Take from the entries below the stretch from the line with "CORNELIA ZAISS PHOTOGRAPHY" through the line with "The Byz Stretch Bracelet in Orange + Silver", and return it exactly, leaving the pictures out.

*** Available data ***

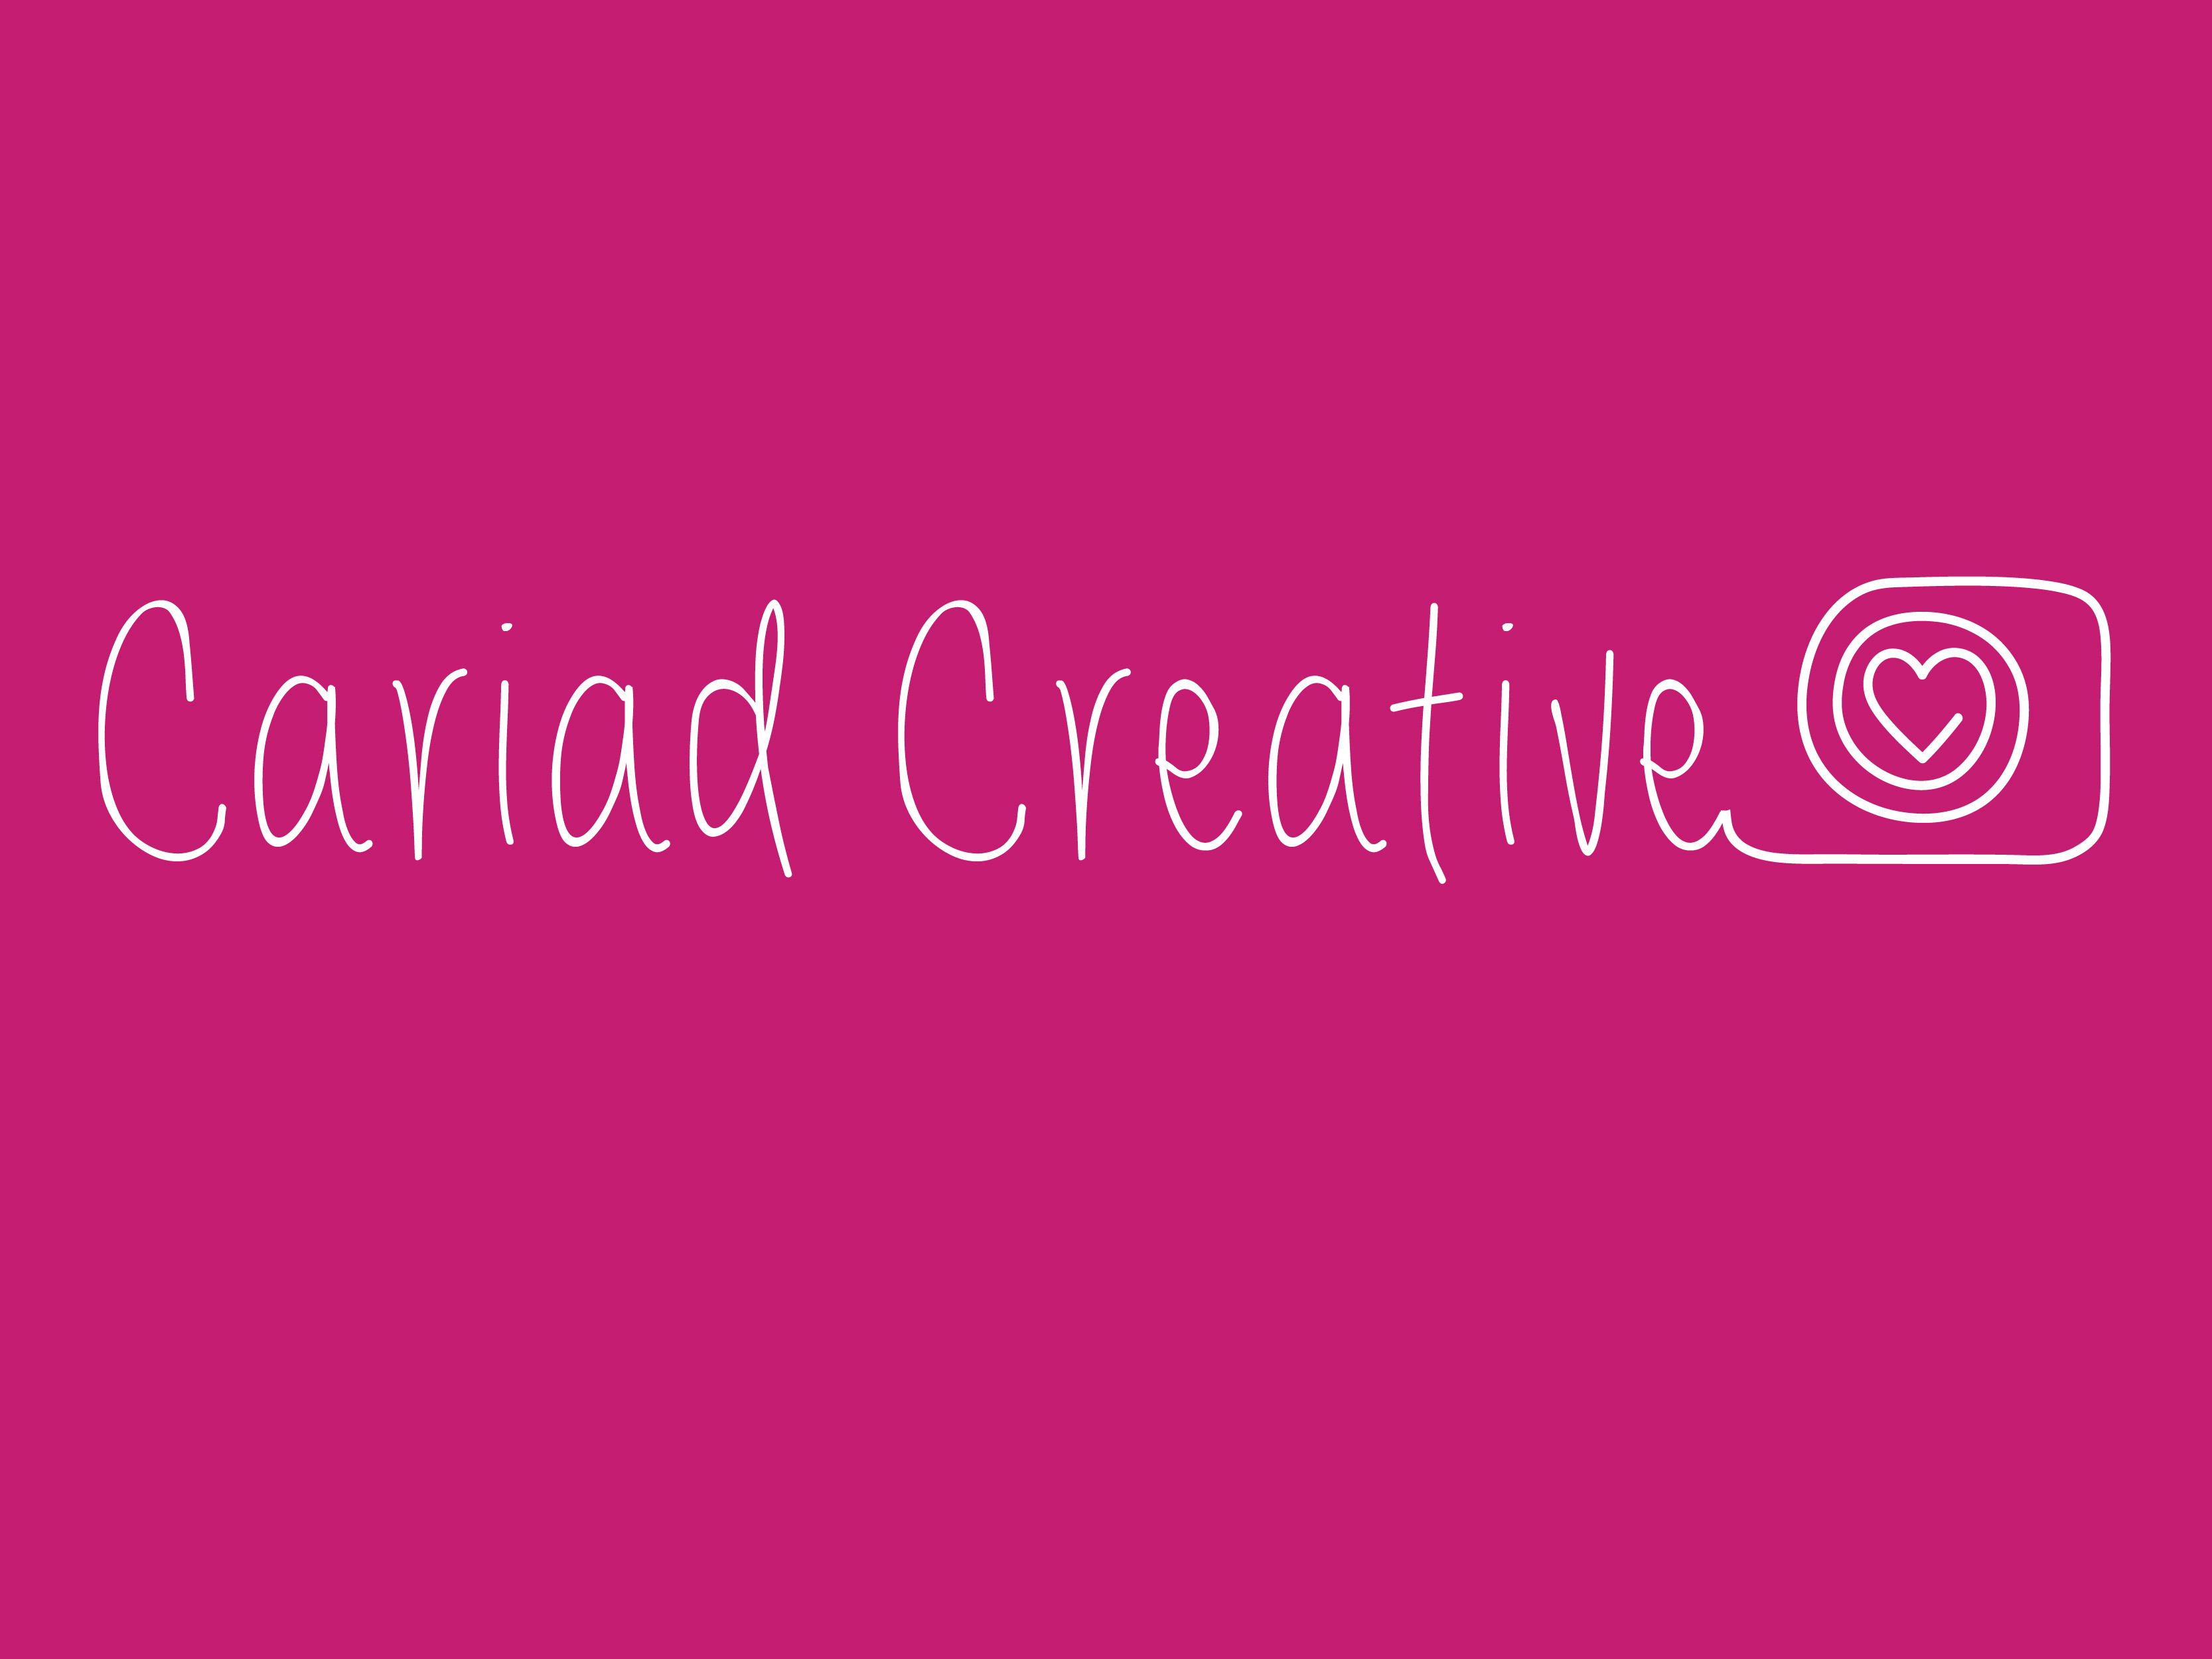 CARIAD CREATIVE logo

***
*** Available data ***

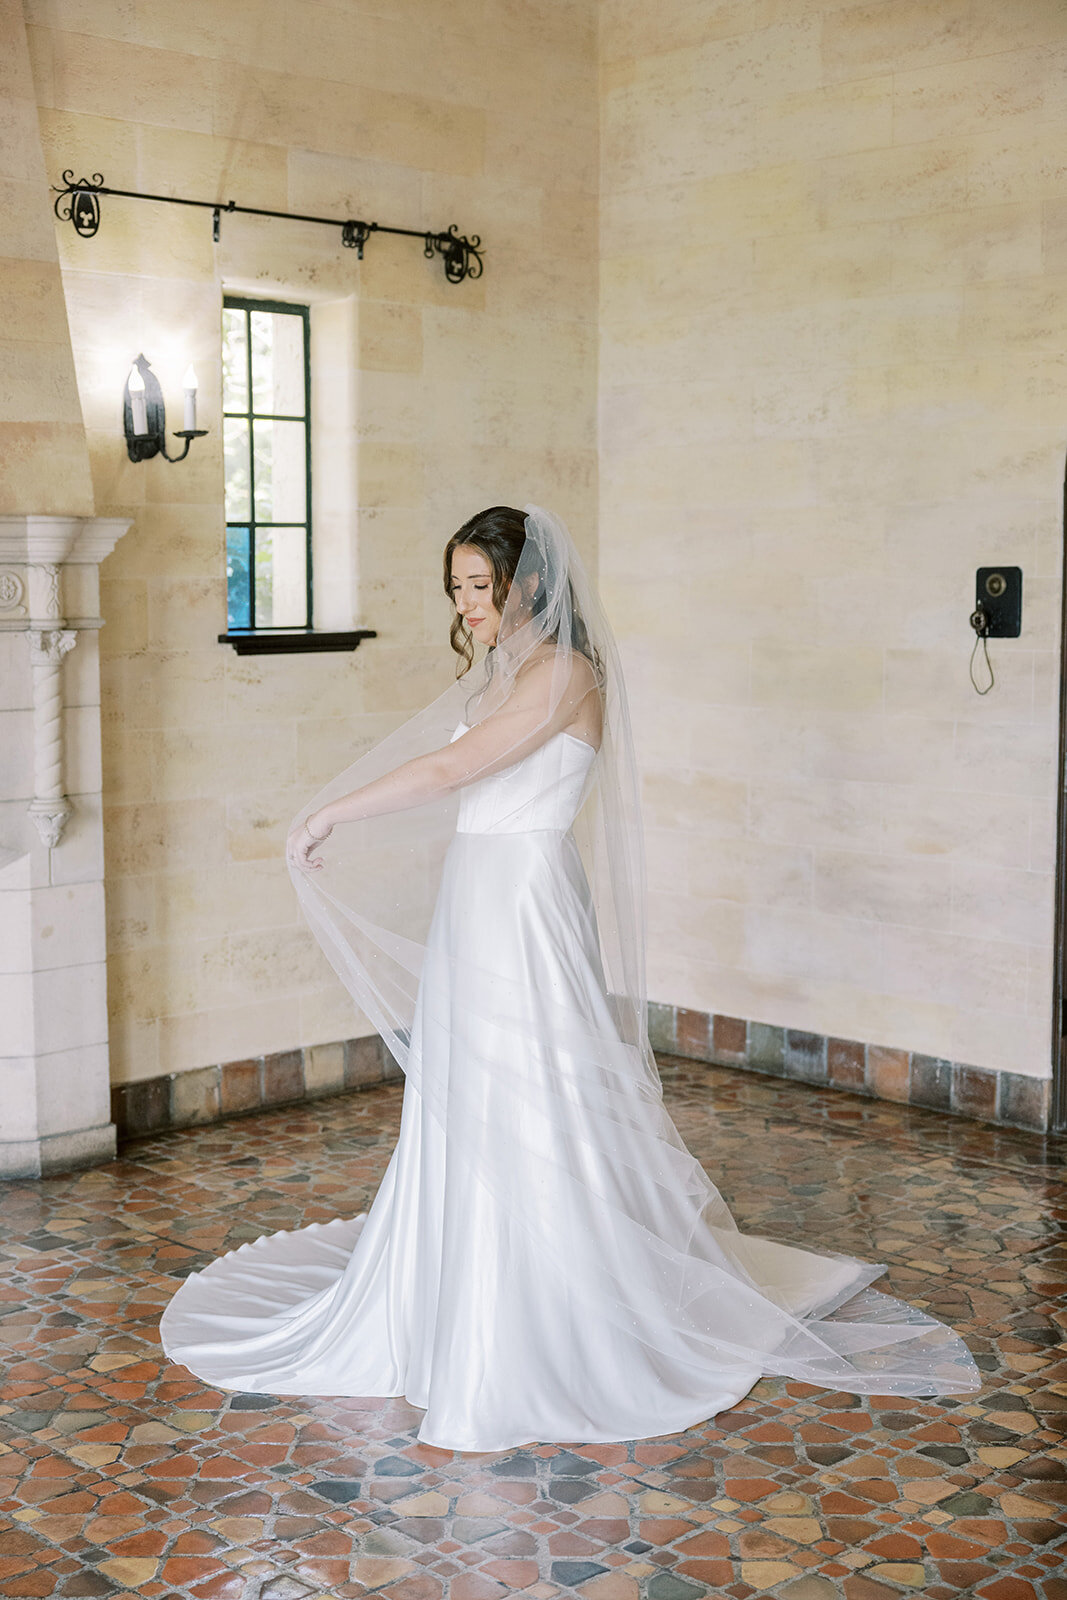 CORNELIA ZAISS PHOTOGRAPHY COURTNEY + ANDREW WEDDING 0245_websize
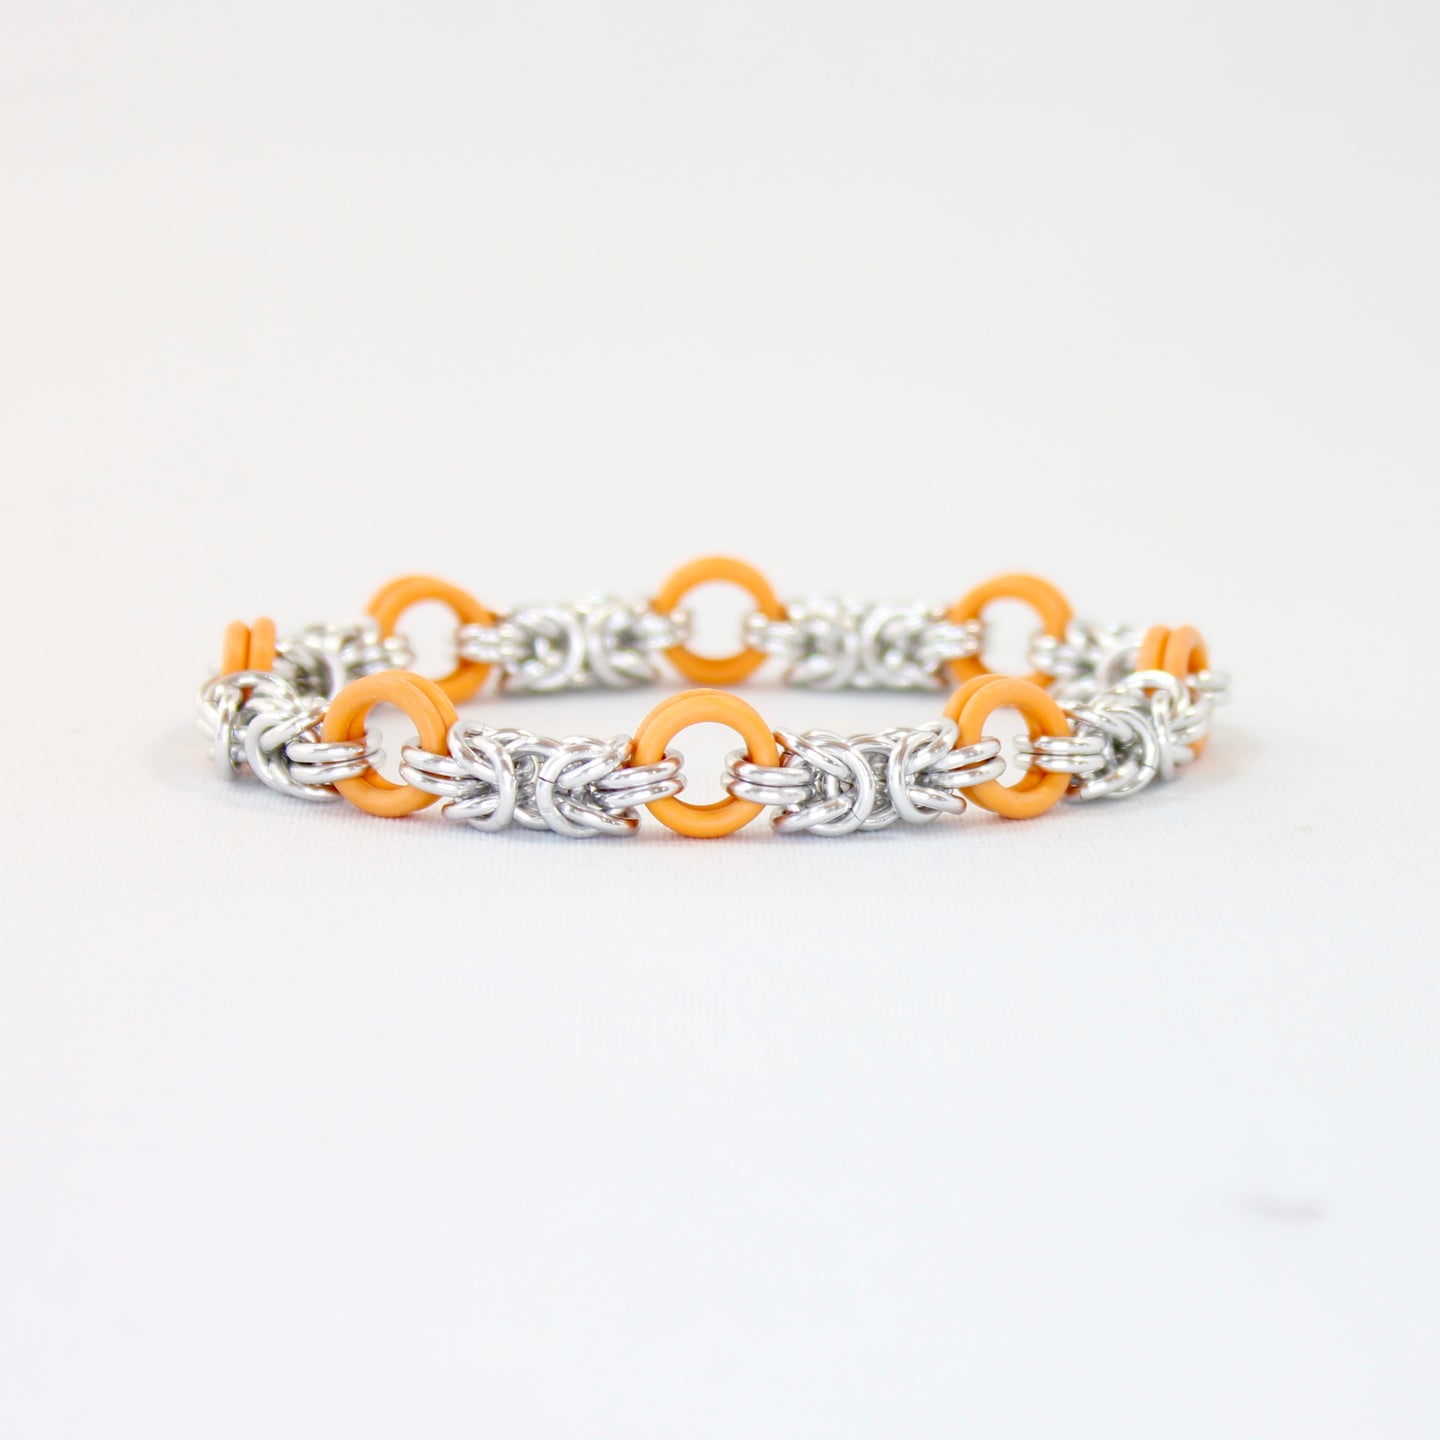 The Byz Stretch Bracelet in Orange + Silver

***

» Reply to the task
 CORNELIA ZAISS PHOTOGRAPHY COURTNEY + ANDREW WEDDING 0245_websize
 The Byz Stretch Bracelet in Orange + Silver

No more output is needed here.